Reading “The Innocence of Father Brown” #4
I recently finished The Innocence of Father Brown by G. K. Chesterton. It was quite good, and I have a lot to say about it some other time, but it made me think of something I feel is often misunderstood: being clever is badly represented by being able to undo what someone else has constructed to be hard to backwards engineer.
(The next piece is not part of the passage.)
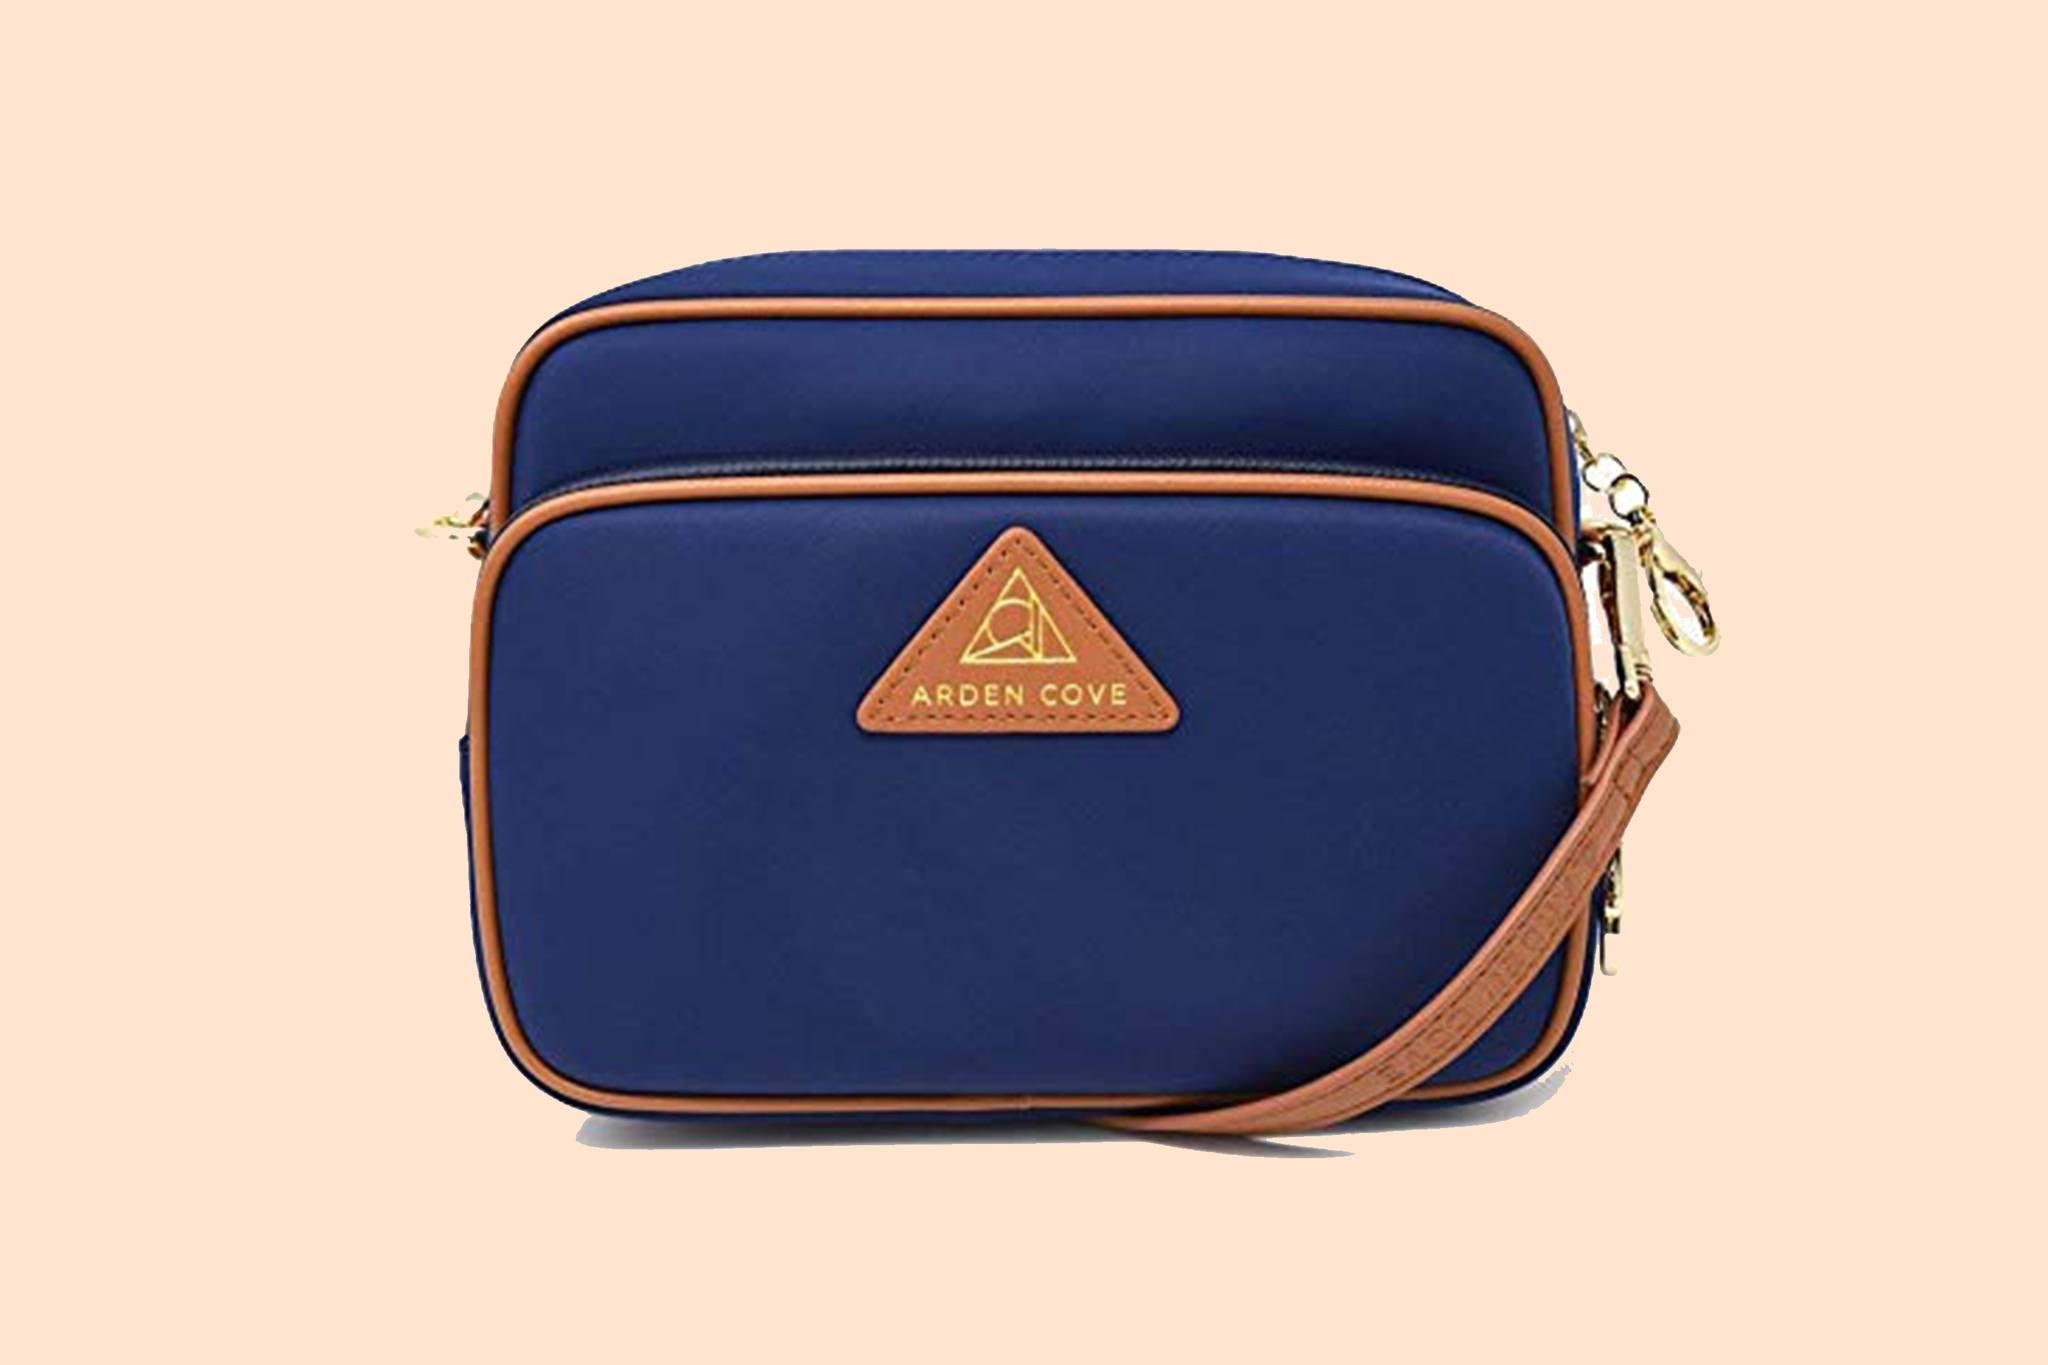 Arden Cove anti-theft purse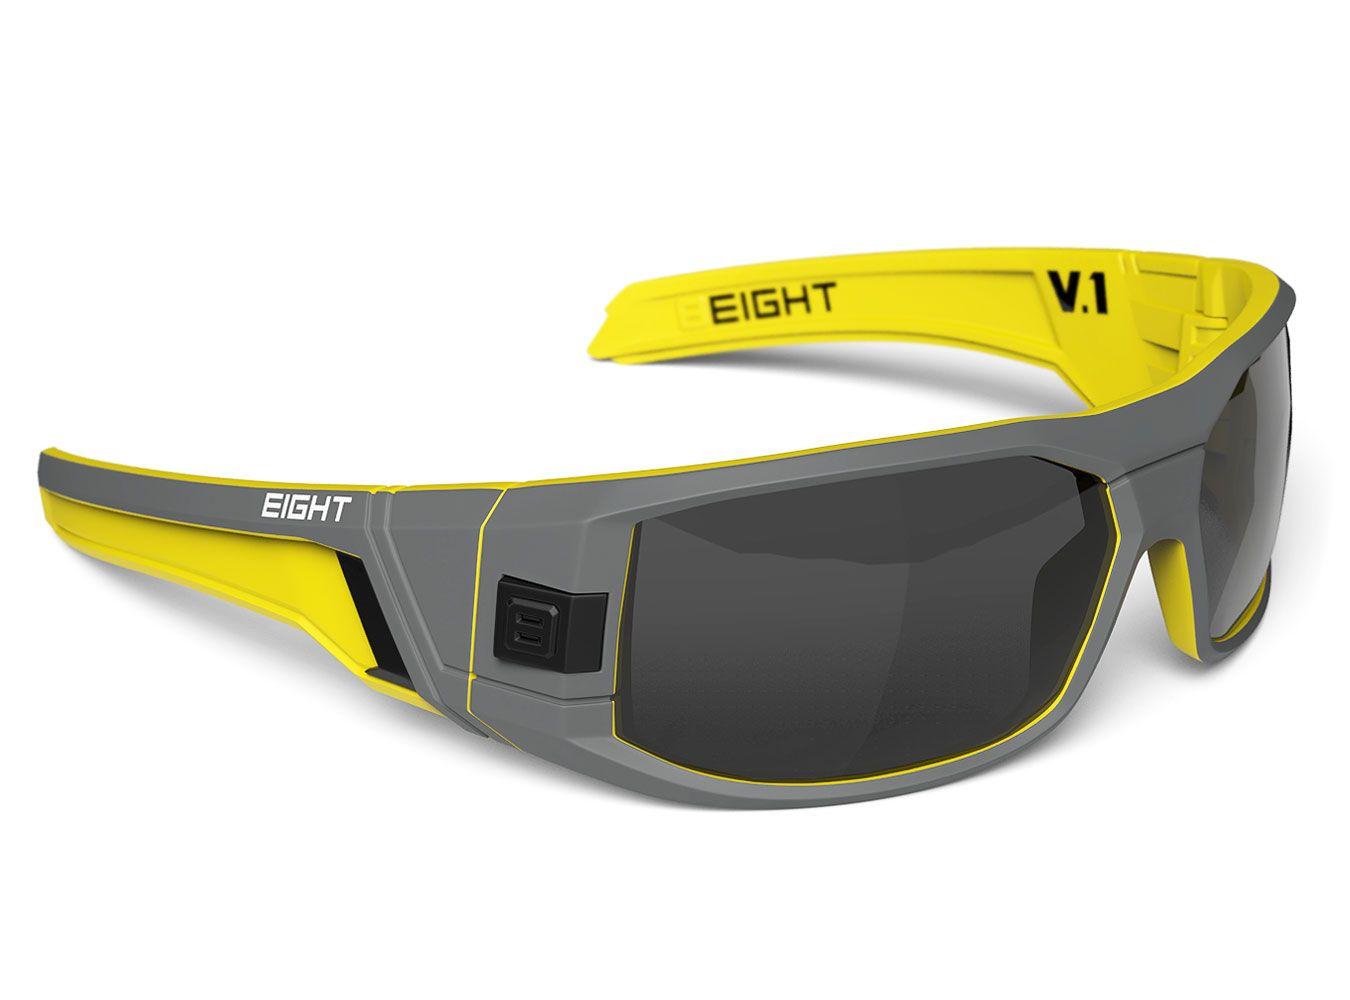 2d9887697ba Matte Gray Yellow V.1 sunglasses from EIGHT Eyewear WWW.IWEAR8.COM   8eyewear  sunglasses  shades  cool  mensfashion  fashion  style  summer   eight  sports   ...

This is the reason I find myself often disliking mystery novels. There is nothing I admire more than real life detective work, whatever subject it might be approaching: the art of tracking down signals, manmade or otherwise, is the operationalization of curiosity, and I love it. But the mysteries presented in fiction often come down to:
(1) the author thought of a funny situation that they think could be presented as appearing to be one thing, while really being another
(2) they attempt to introduce the situation incrementally to support the superficial view of the scenario, while creating hints that will make it clear what the real situation was in retrospect once the reader has full knowledge
(3) they fill out anything that feels thin after this process is done
This tends to miss the two things that are corner stones of cleverness:
(a) the ability to look for signals that weren’t intended. authors can try to encode this, but they usually suck at backwards engineering the reality of the situation.
(b) it tends to miss the fact that what’s so interesting about being clever in real life, is that there’s no “one thing” to realize. it’s all kind of a murky, diffuse mess and the cleverness is in finding a solid thread where everything is mostly malleable.
G. K. Chesterton, despite his other merits, seems to not realize this at all, and it makes me doubt how much he really has to say about society that I can believe.